━━━━━ INPUT RECORDS ━━━━━
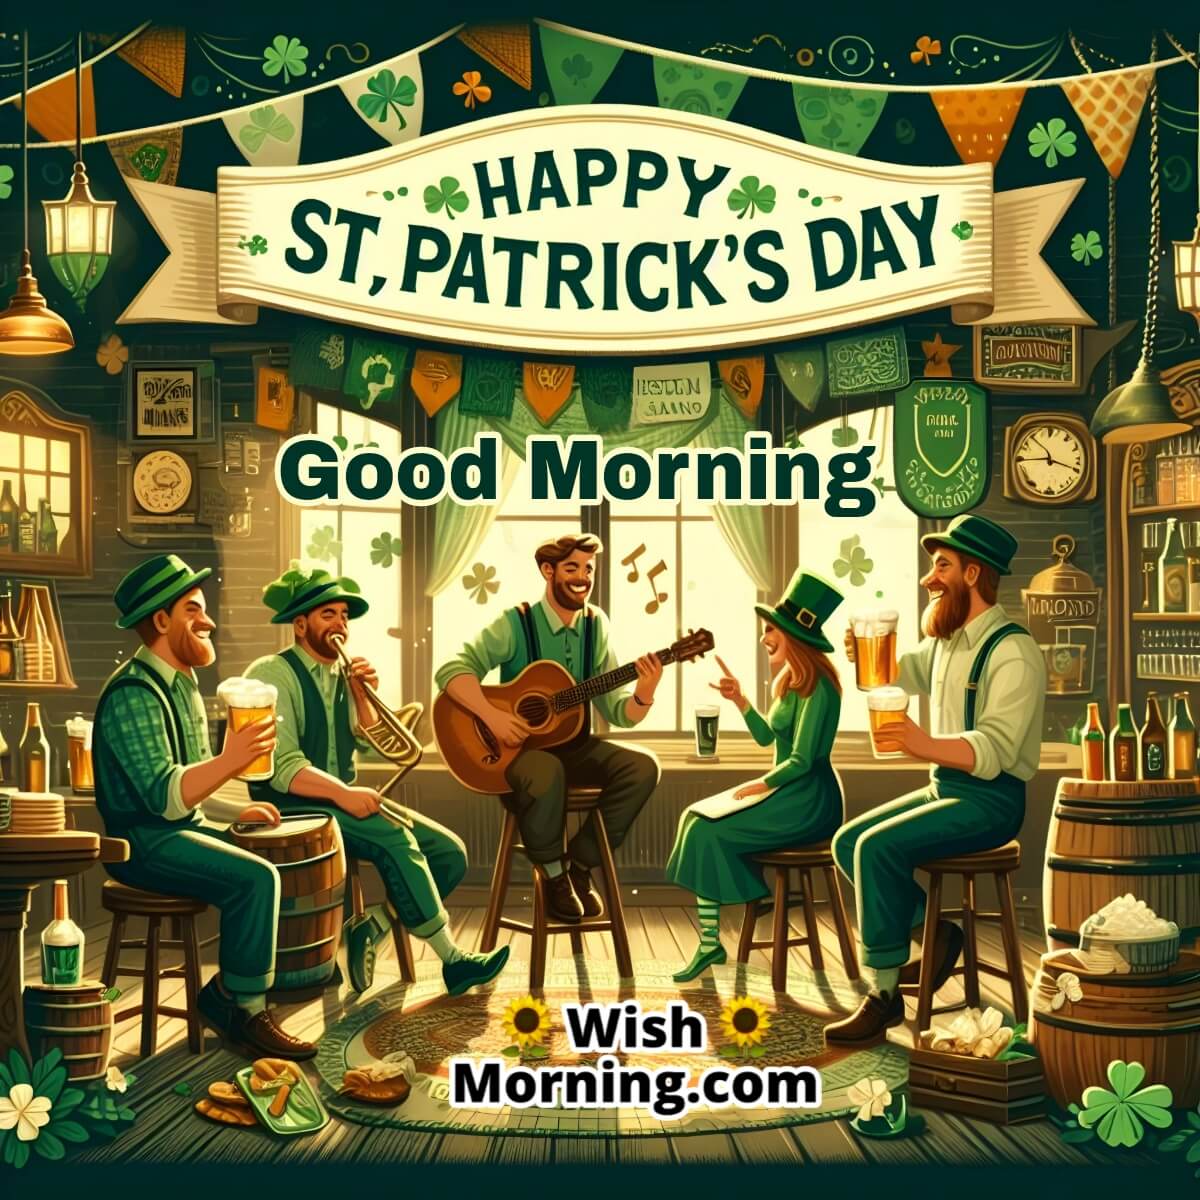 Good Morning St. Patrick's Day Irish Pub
━━━━━
━━━━━ INPUT RECORDS ━━━━━
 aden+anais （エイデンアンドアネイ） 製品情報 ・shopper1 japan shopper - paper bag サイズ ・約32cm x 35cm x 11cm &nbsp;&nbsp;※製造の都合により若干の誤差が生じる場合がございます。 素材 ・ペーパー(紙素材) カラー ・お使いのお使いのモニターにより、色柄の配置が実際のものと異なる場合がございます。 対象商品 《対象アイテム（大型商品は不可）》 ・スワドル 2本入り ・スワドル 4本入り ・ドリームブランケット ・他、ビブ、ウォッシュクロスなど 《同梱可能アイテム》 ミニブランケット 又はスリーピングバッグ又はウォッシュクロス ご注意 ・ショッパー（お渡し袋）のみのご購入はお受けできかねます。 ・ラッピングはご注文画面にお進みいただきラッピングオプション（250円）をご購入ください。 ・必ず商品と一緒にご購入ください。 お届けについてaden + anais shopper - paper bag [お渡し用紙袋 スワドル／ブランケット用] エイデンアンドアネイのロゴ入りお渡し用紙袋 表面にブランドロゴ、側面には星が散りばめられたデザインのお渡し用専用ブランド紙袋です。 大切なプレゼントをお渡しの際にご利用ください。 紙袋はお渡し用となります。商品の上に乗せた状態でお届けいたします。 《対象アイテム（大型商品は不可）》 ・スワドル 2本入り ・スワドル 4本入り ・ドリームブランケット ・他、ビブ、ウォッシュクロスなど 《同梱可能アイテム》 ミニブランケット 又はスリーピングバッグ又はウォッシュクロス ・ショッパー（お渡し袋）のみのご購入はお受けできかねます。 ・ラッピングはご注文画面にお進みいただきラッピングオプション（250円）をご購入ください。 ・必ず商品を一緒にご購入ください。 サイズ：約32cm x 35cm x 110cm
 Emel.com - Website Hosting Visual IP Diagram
━━━━━
━━━━━ INPUT RECORDS ━━━━━
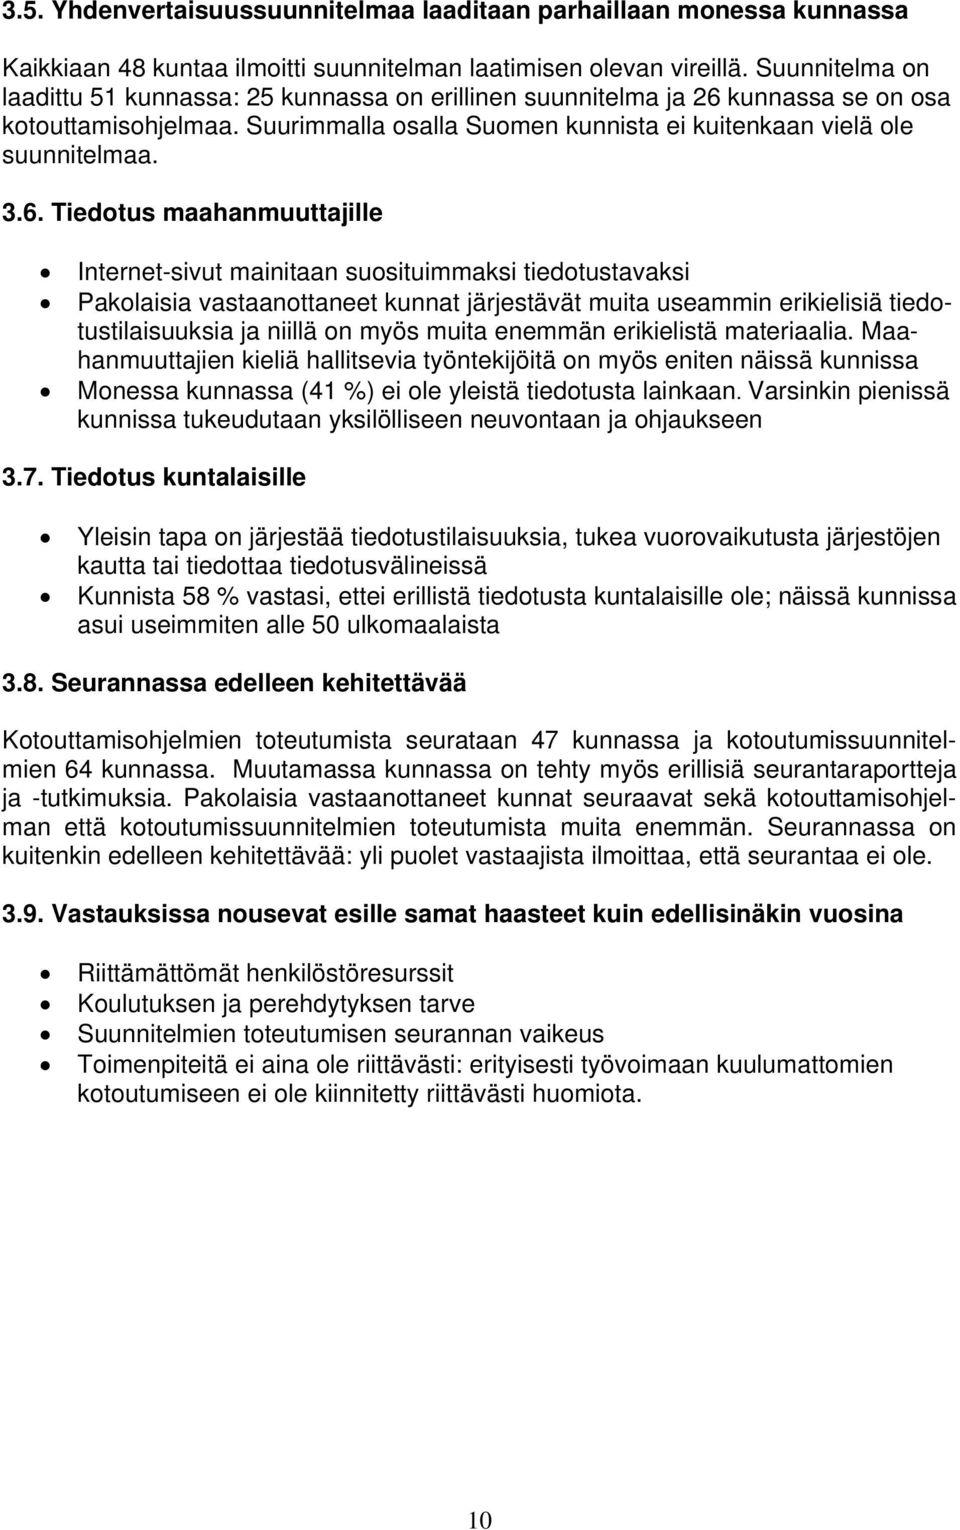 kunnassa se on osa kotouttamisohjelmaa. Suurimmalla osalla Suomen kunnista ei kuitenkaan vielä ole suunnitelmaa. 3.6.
━━━━━
> ABOUT THIS TASK: The range runs from the line above containing "aden+anais （エイデンアンドアネイ） 製品情報" to the line containing "Emel.com - Website Hosting Visual IP Diagram", inclusive. Restate those lines word for word and no others.

> RESPONSE:
 aden+anais （エイデンアンドアネイ） 製品情報 ・shopper1 japan shopper - paper bag サイズ ・約32cm x 35cm x 11cm &nbsp;&nbsp;※製造の都合により若干の誤差が生じる場合がございます。 素材 ・ペーパー(紙素材) カラー ・お使いのお使いのモニターにより、色柄の配置が実際のものと異なる場合がございます。 対象商品 《対象アイテム（大型商品は不可）》 ・スワドル 2本入り ・スワドル 4本入り ・ドリームブランケット ・他、ビブ、ウォッシュクロスなど 《同梱可能アイテム》 ミニブランケット 又はスリーピングバッグ又はウォッシュクロス ご注意 ・ショッパー（お渡し袋）のみのご購入はお受けできかねます。 ・ラッピングはご注文画面にお進みいただきラッピングオプション（250円）をご購入ください。 ・必ず商品と一緒にご購入ください。 お届けについてaden + anais shopper - paper bag [お渡し用紙袋 スワドル／ブランケット用] エイデンアンドアネイのロゴ入りお渡し用紙袋 表面にブランドロゴ、側面には星が散りばめられたデザインのお渡し用専用ブランド紙袋です。 大切なプレゼントをお渡しの際にご利用ください。 紙袋はお渡し用となります。商品の上に乗せた状態でお届けいたします。 《対象アイテム（大型商品は不可）》 ・スワドル 2本入り ・スワドル 4本入り ・ドリームブランケット ・他、ビブ、ウォッシュクロスなど 《同梱可能アイテム》 ミニブランケット 又はスリーピングバッグ又はウォッシュクロス ・ショッパー（お渡し袋）のみのご購入はお受けできかねます。 ・ラッピングはご注文画面にお進みいただきラッピングオプション（250円）をご購入ください。 ・必ず商品を一緒にご購入ください。 サイズ：約32cm x 35cm x 110cm
 Emel.com - Website Hosting Visual IP Diagram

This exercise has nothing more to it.